Work item → Your task is to write out the entire listing exactly, omitting its pictures.

Collected material →
::::
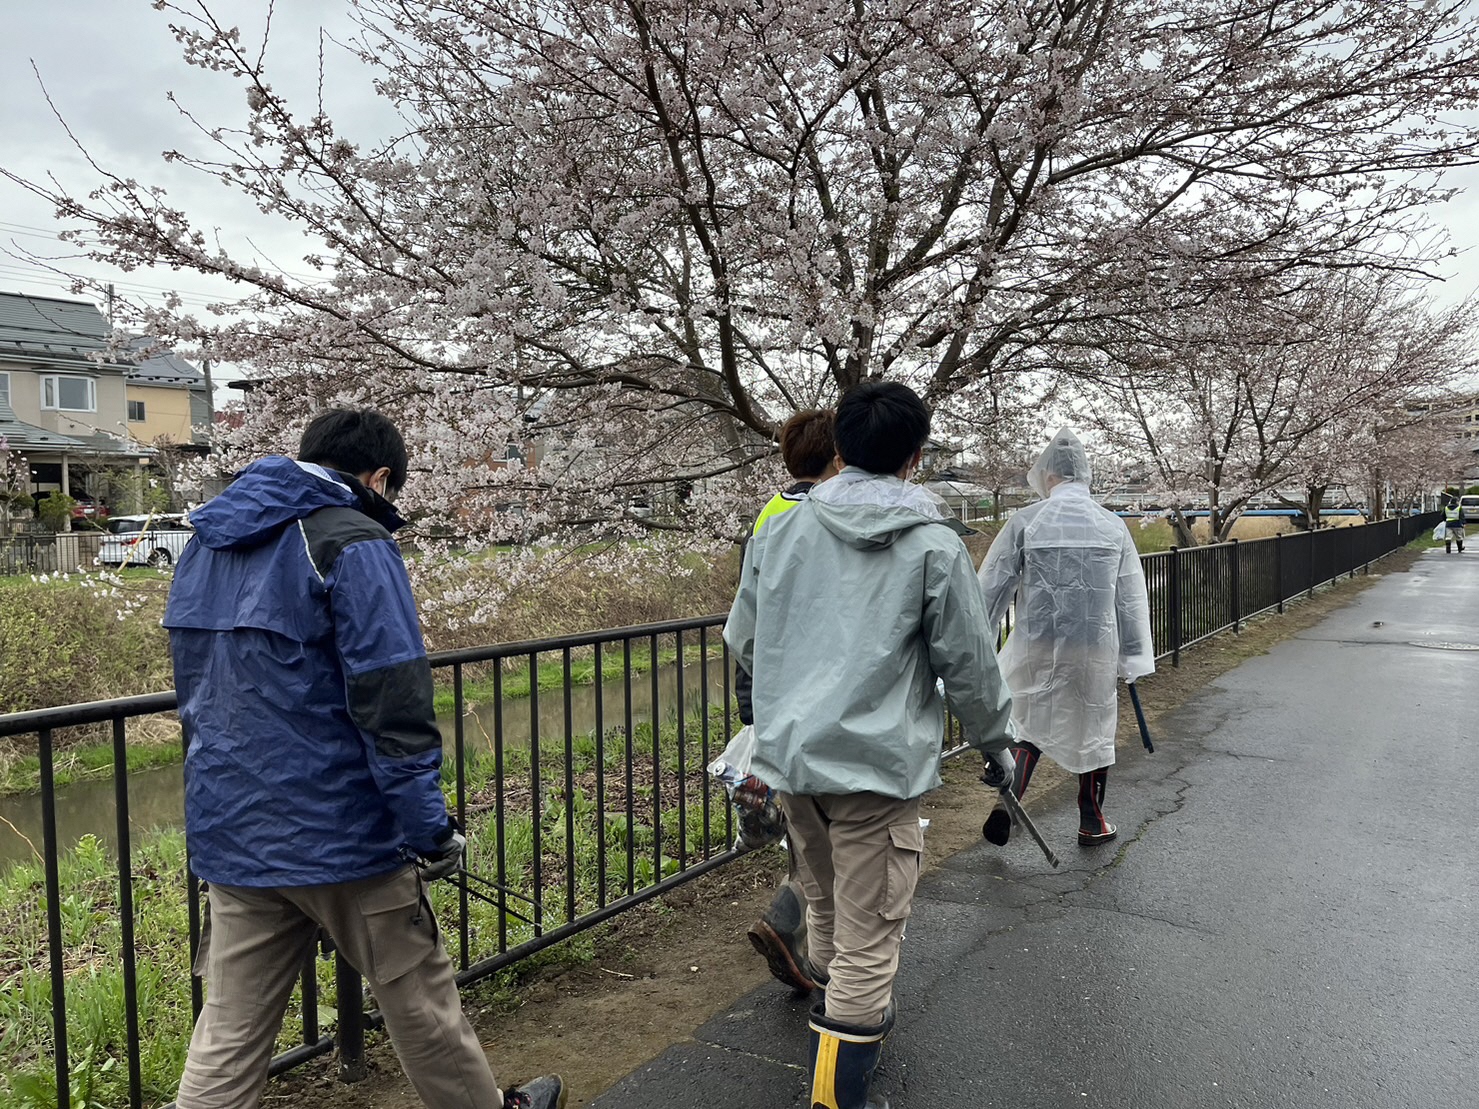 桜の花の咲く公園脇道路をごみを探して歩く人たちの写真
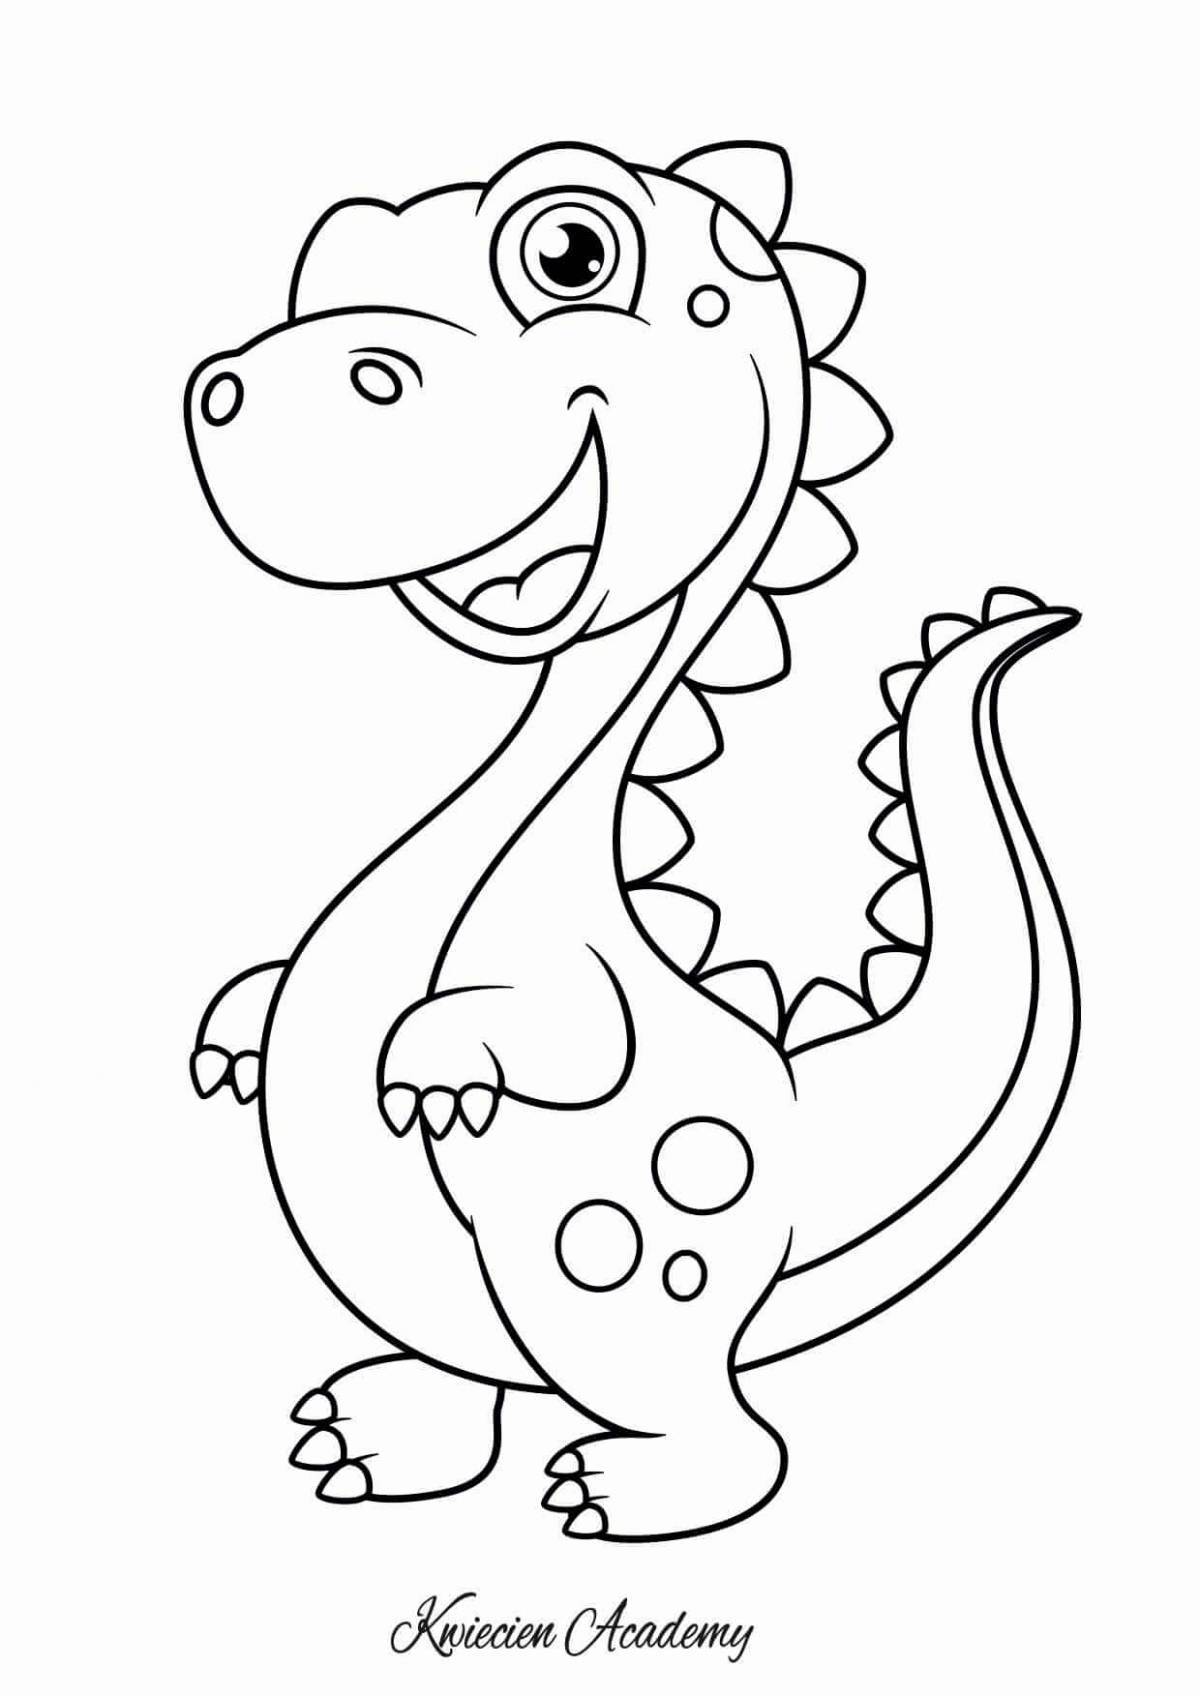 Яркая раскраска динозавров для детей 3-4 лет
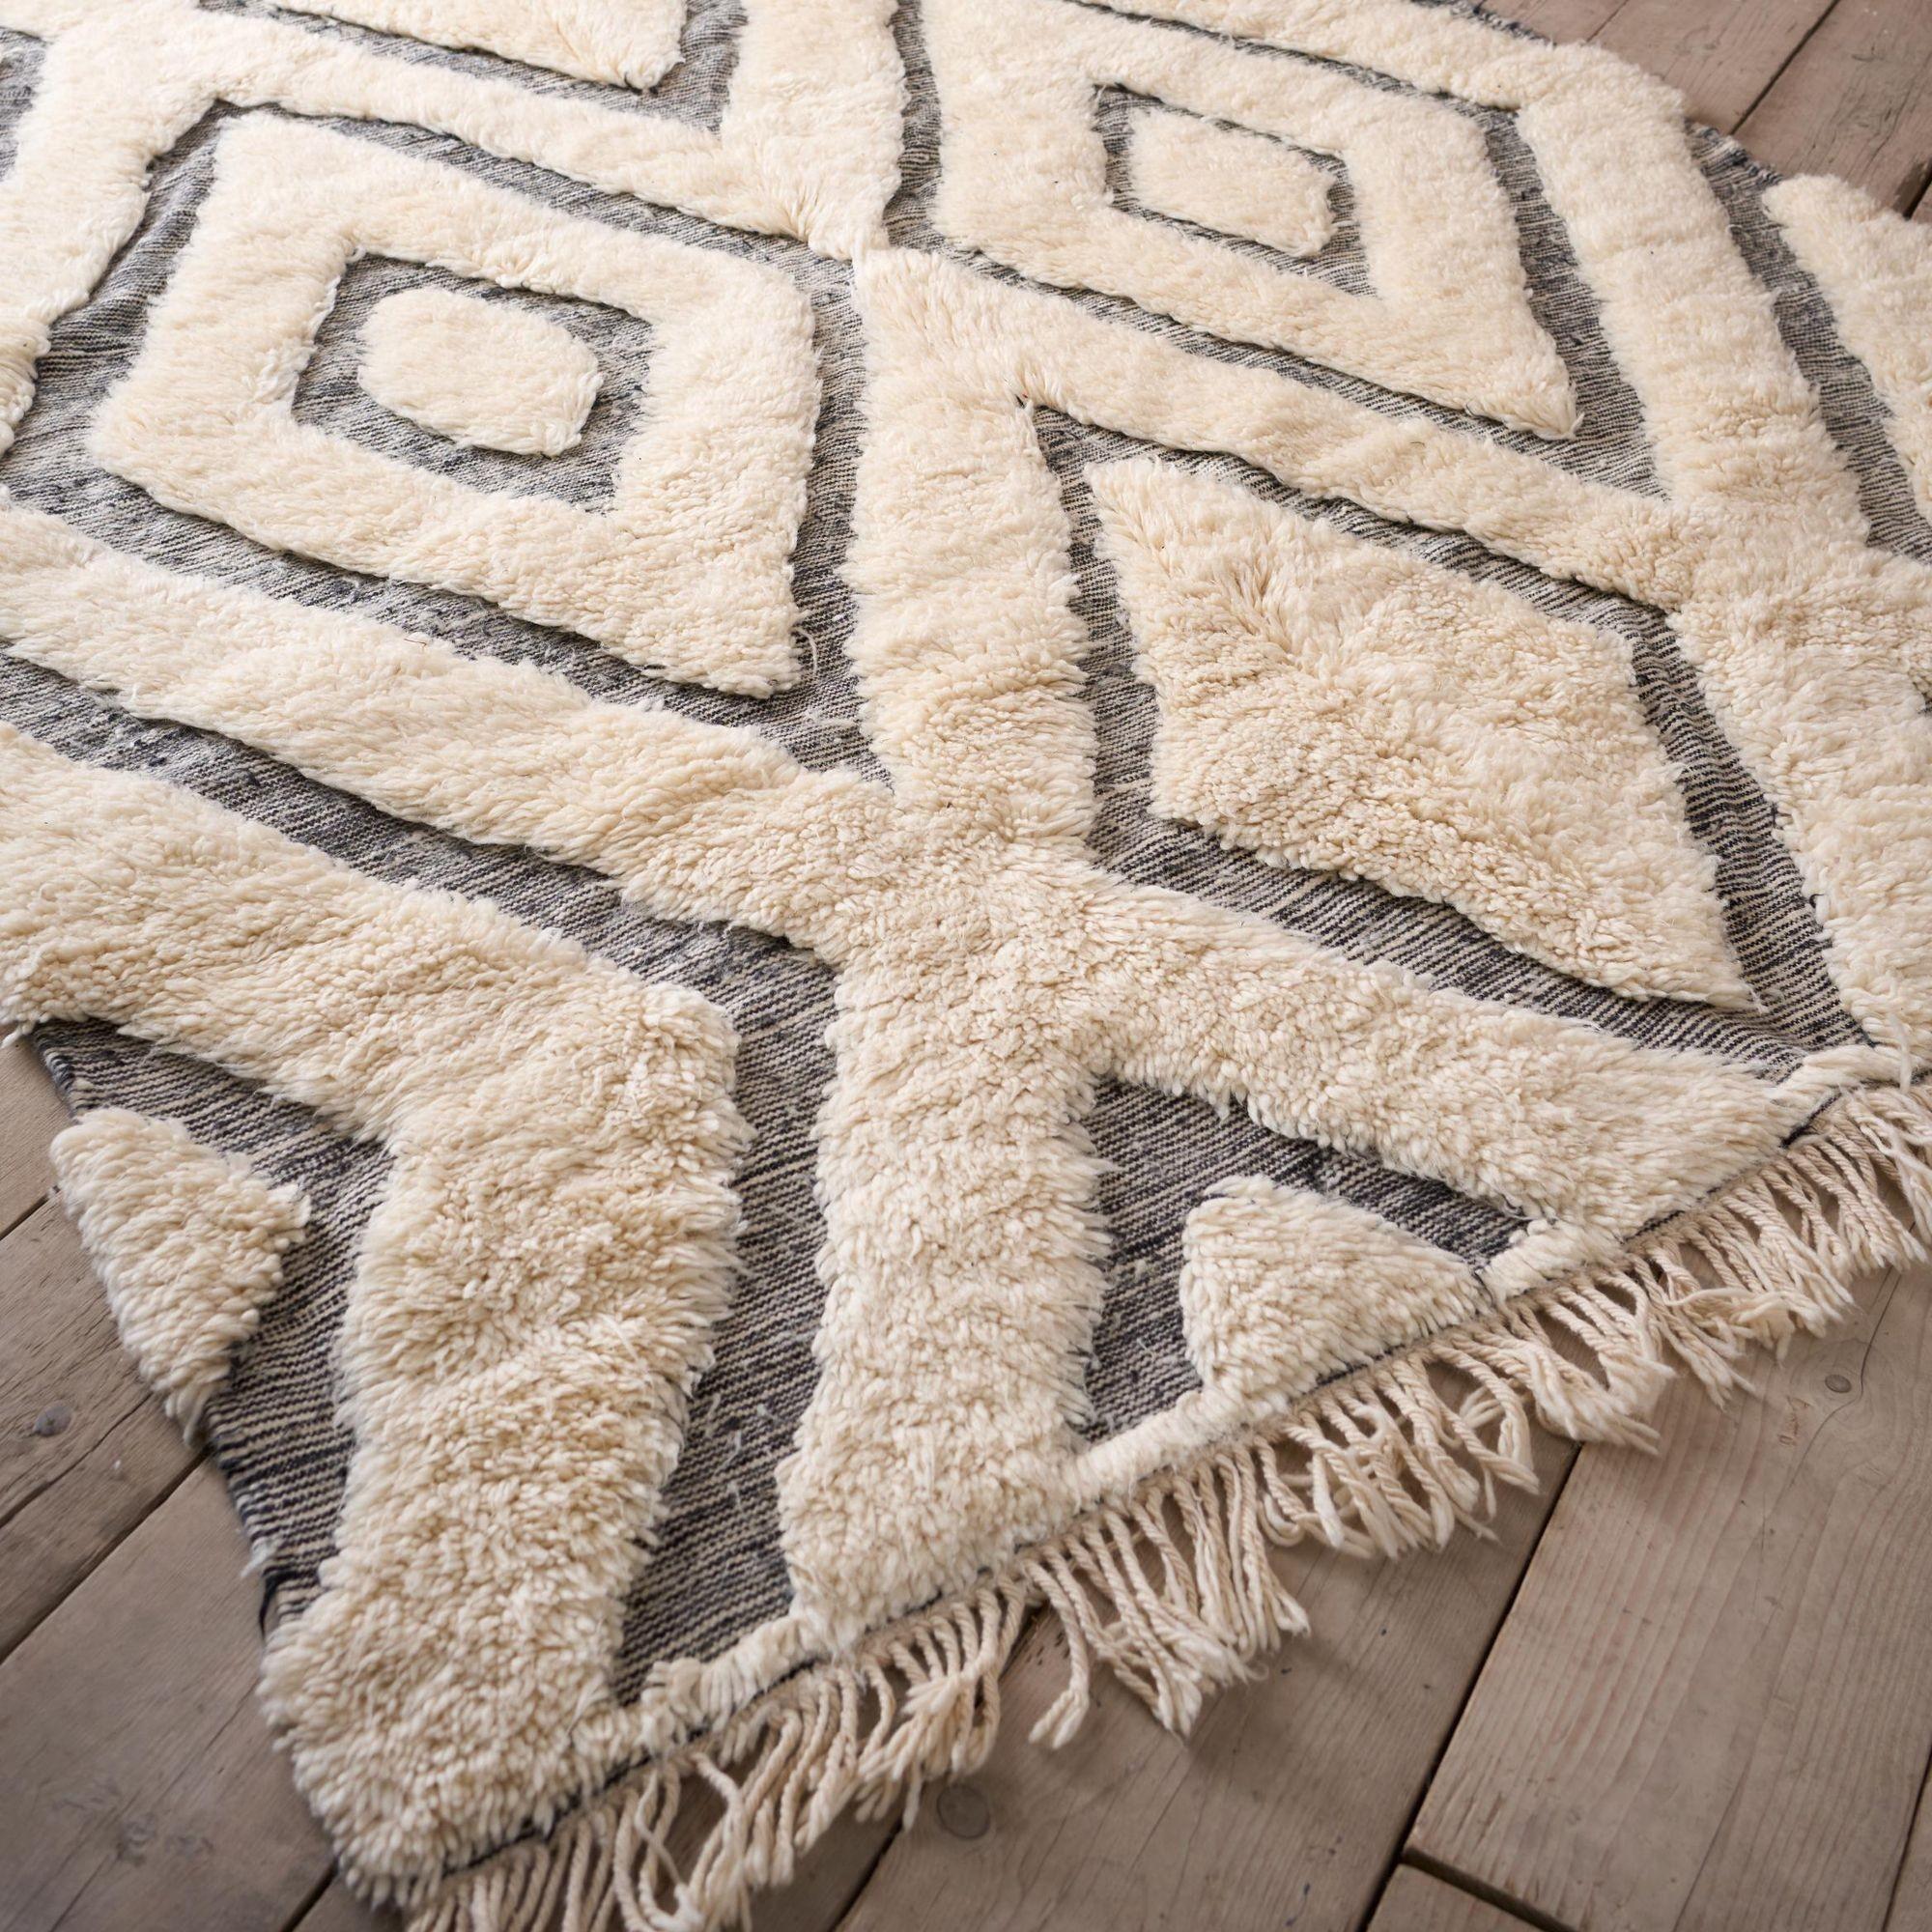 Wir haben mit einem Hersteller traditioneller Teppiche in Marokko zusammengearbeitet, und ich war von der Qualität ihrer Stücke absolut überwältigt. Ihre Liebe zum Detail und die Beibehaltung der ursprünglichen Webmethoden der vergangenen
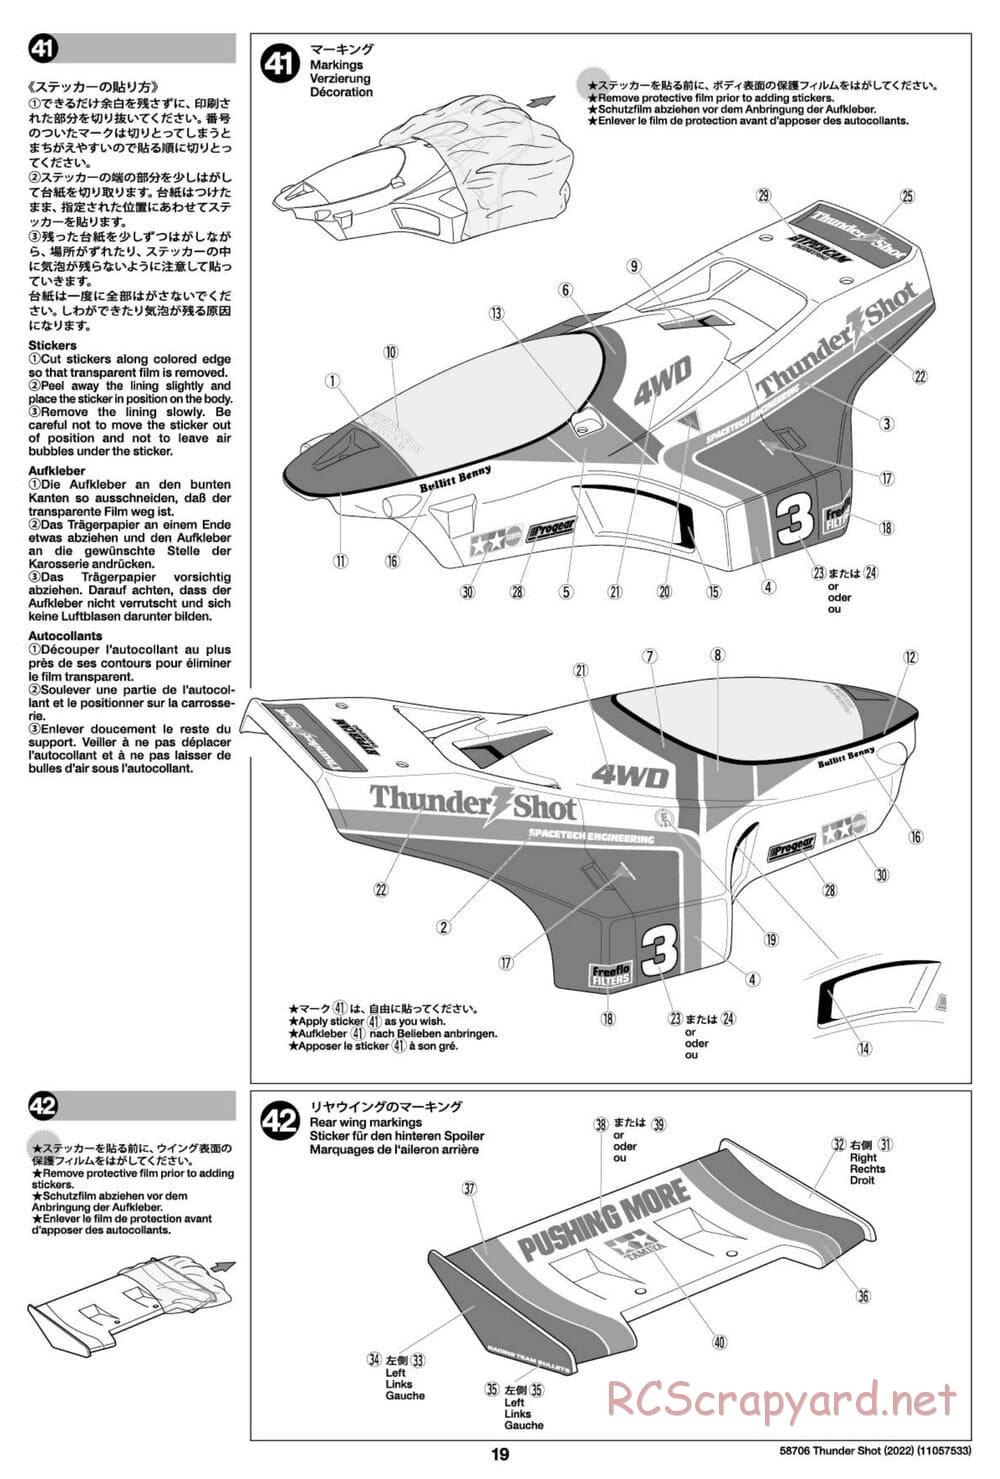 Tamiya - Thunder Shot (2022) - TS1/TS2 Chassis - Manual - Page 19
::::
Result for this task →
 桜の花の咲く公園脇道路をごみを探して歩く人たちの写真
 Яркая раскраска динозавров для детей 3-4 лет
 Wir haben mit einem Hersteller traditioneller Teppiche in Marokko zusammengearbeitet, und ich war von der Qualität ihrer Stücke absolut überwältigt. Ihre Liebe zum Detail und die Beibehaltung der ursprünglichen Webmethoden der vergangenen
 Tamiya - Thunder Shot (2022) - TS1/TS2 Chassis - Manual - Page 19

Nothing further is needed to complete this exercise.